Try https://github.com/ko1/ruby/tracepoint.

= Evaluation

TracePoint API doesn't make temporary object on default. It is faster than current set_trace_func.

require 'benchmark'
MAX = 1_000_000
$c1 = $c2 = 0

Benchmark.bm{|x|
x.report{
set_trace_func(lambda{|args| $c1+=1})
MAX.times{
a = 1
}
set_trace_func(nil)
}
x.report{
trace = TracePoint.trace(
%i{line call return c_call c_return}){|tp| $c2+=1}
MAX.times{
a = 1
}
trace.disable
}
x.report{
trace = TracePoint.trace(%i{line call return c_call c_return}){|tp| $c2+=1; tp.event; tp.self; tp.method_id}
MAX.times{
a = 1
}
trace.disable
}
x.report{
trace = TracePoint.trace(
%i{line call return c_call c_return}){|tp| $c2+=1; tp.event; tp.self; tp.method_id; tp.binding}
MAX.times{
a = 1
}
trace.disable
}
}
END
#=>
user system total real
1.140000 0.000000 1.140000 ( 1.145847)
0.200000 0.000000 0.200000 ( 0.194970)
0.380000 0.000000 0.380000 ( 0.385857)
1.250000 0.000000 1.250000 ( 1.251083)

= Problems

  • TracePoint.trace(...) is good interface?
  • Now, noway to specify Thread specific hooks (like Thread#set_trace_func)

= Next Step

I also want to introduce block enter/leave events on TracePoint.

=end

Updated by trans (Thomas Sawyer) over 11 years ago

=begin
Looks great. Really nice that there is performance gain too.
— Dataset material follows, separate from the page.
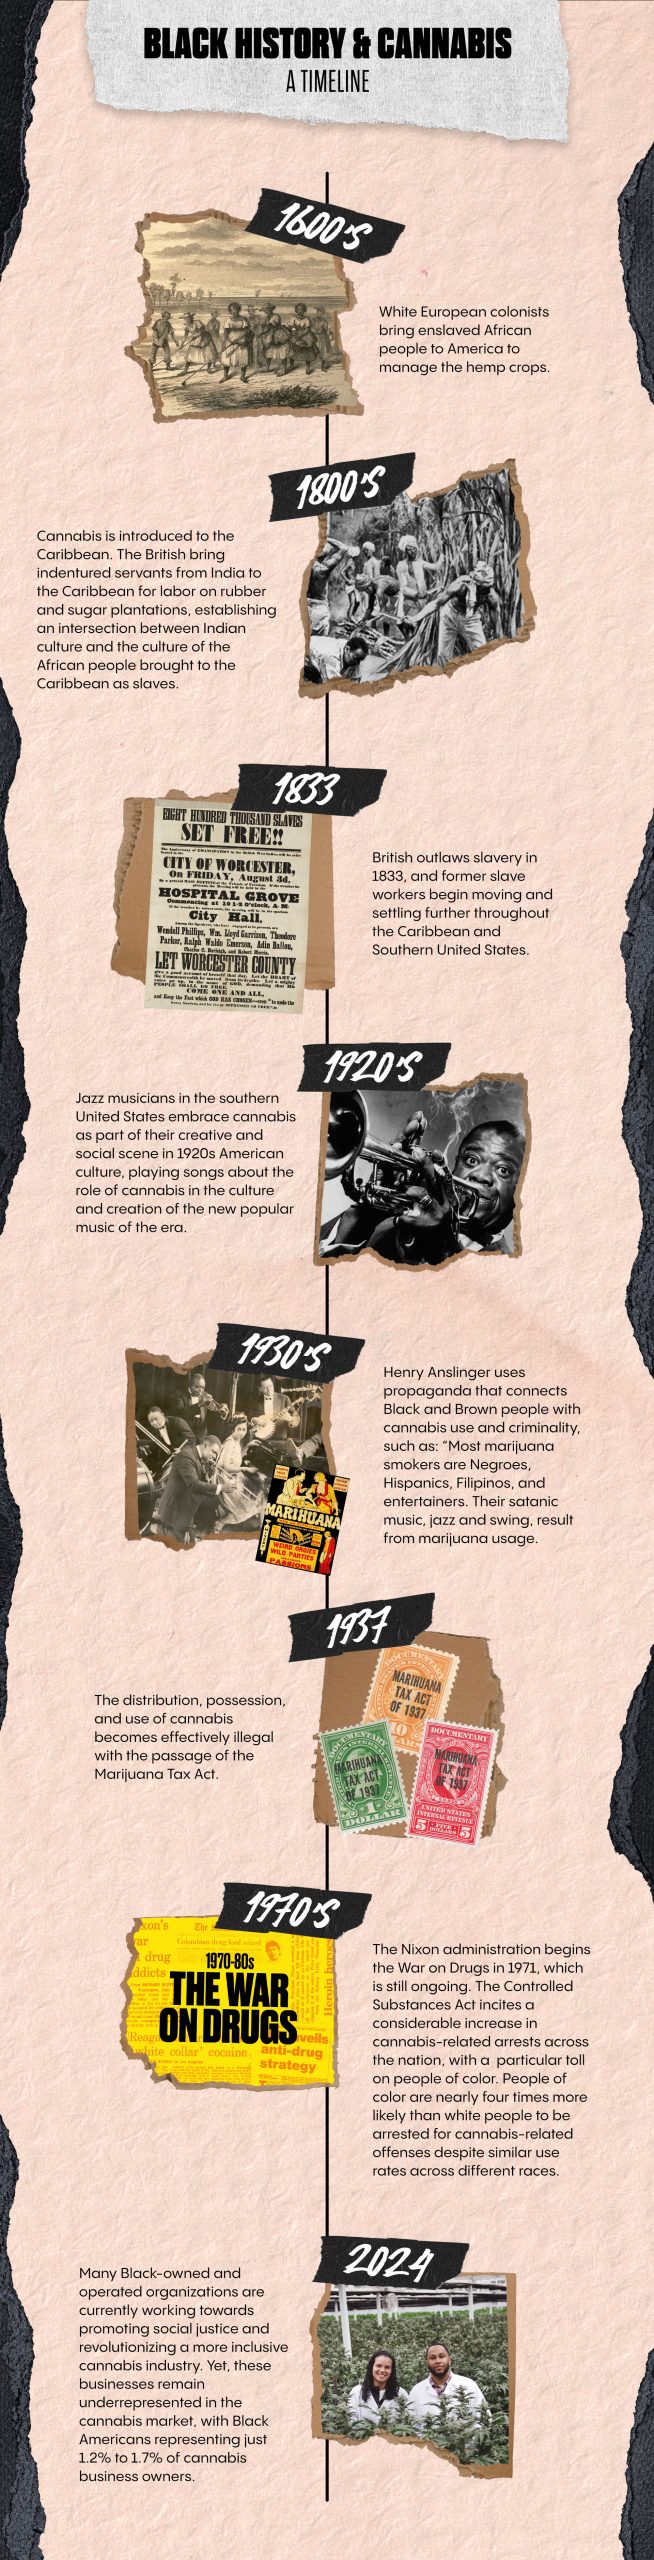 cannabis and black history timeline

Can we use TracePoint.new to get instance that is not automatically active? eg.

tracer = TracePoint.new{ |tp| ... }
tracer.trace

Is same as:

tc = TracePoint.trace{ |tp| ... }

Also, I assume that if no events are given as arguments, it includes all events?

=end

Updated by ko1 (Koichi Sasada) over 11 years ago

(2012/08/21 6:11), trans (Thomas Sawyer) wrote:

Can we use TracePoint.new to get instance that is not automatically active? eg.

tracer = TracePoint.new{ |tp| ... }
tracer.trace

Is same as:

tc = TracePoint.trace{ |tp| ... }

I understand your proposal. I use "Thread.new (Thread.start)" analogy
(and current set_trace_func analogy). I think two different behavior is
not good. Which one do you like?

Also, I assume that if no events are given as arguments, it includes all events?
Yes.

`eventN' parameter for TracePoint.trace() is set of symbols. You can specify events what you want to trace. If you don't specify any events on it, then all events are activate (similar to set_trace_func).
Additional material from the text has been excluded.